Früher hatte ich gelegentlich solche Gefühle, weil ich nicht das beste Selbstwertgefühl hatte und es insofern begründet war, dass meine Familie und ich in der Heimatstadt tatsächlich unter Beobachtung standen. Uns wurden alle möglichen Dinge vorgehalten, die bei einem anderen nicht der Rede wert gewesen wären, so was merkt man sich, es prägt auf Dauer mehr als gedacht und hinterlässt Spuren. Daher - ja, so was kann passieren, wenn das Umfeld ganze Arbeit leistet.
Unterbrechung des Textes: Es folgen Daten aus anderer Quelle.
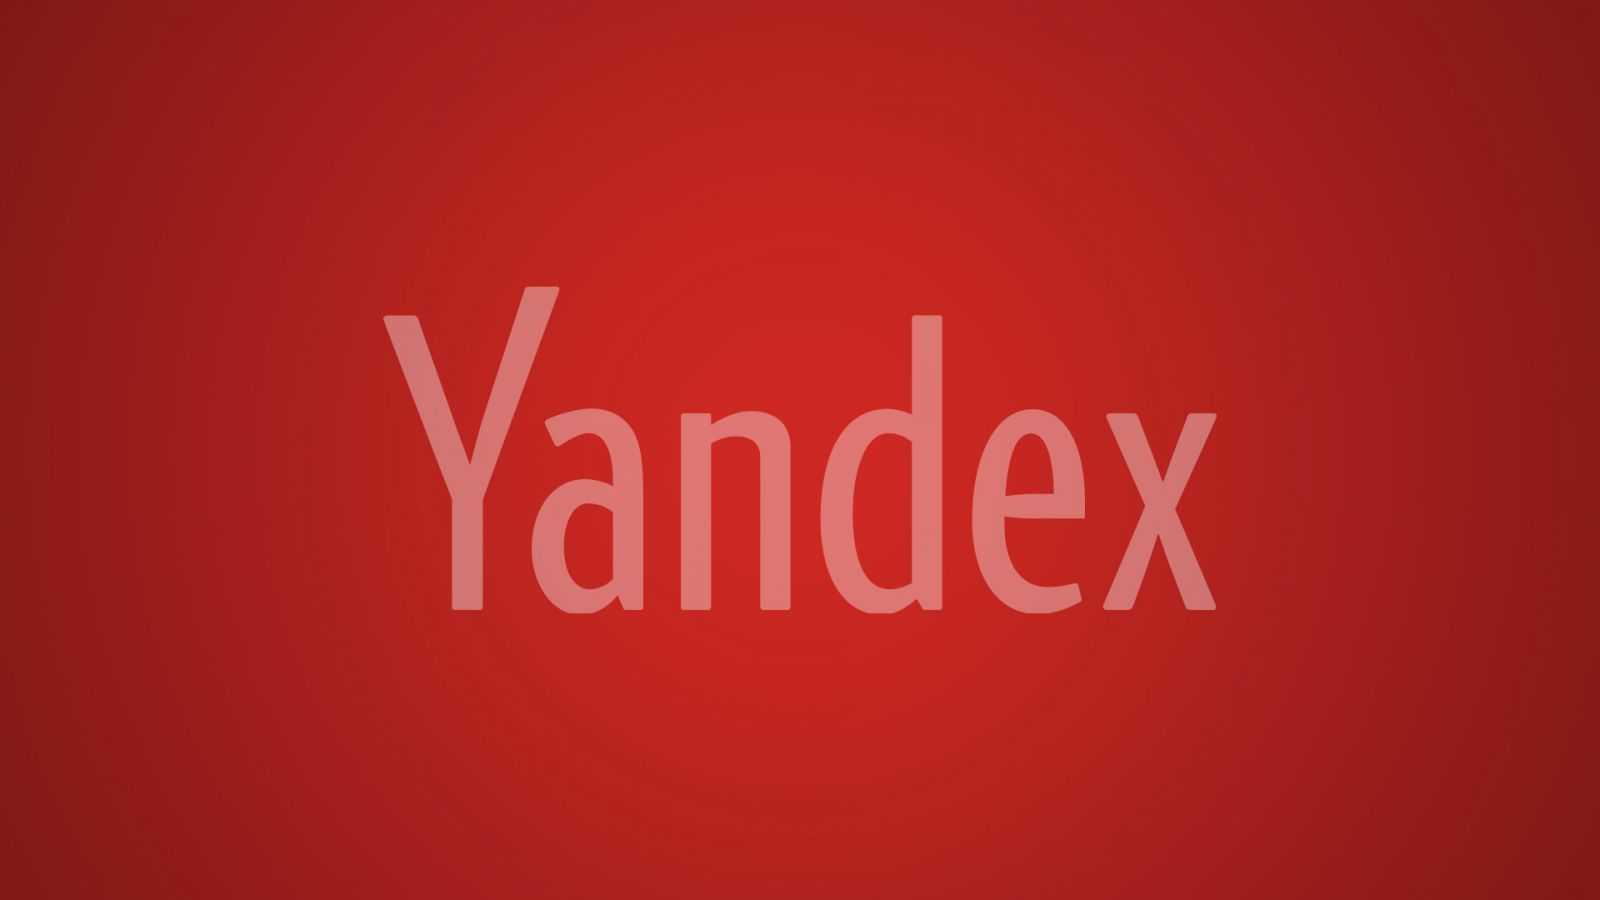 В телевизорах на платформе Яндекса появилась Алиса: она умеет переключать каналы и подбирать фильмы

Nur ein Beispiel: Einmal habe ich etwa als Last-Minute-Geschenk für jemanden ohne drüber nachzudenken an der Esso-Tanke eine Flasche Faber Sekt gekauft - und das sah wohl jemand, denn danach war ich für eine gewisse Zeit nicht mehr "nur" der Akademiker, sondern der versoffene Akademiker, der es wohl nötig habe, sich samstags eine Flasche Sekt an der Tanke zu kaufen. Bei einem anderen hätte man gesagt, ah, der feiert halt und es ist ja jetzt auch egal.
Man kann an solchen Gefühlen arbeiten, es ist aber ein langer Weg. Mir half vor allem meine frühere Freundin massiv, Selbstwertgefühl aufzubauen und positiv zu denken. Bei mir spielte allerdings auch mit rein, dass ich in meiner Heimat nicht die Gelegenheit hatte mich so zu kleiden, wie ich mich gern anziehen würde. Seit ich weggezogen bin und das kann, bin ich deutlich zufriedener, finde mich sympathisch und merke, dass das vieles ausmacht.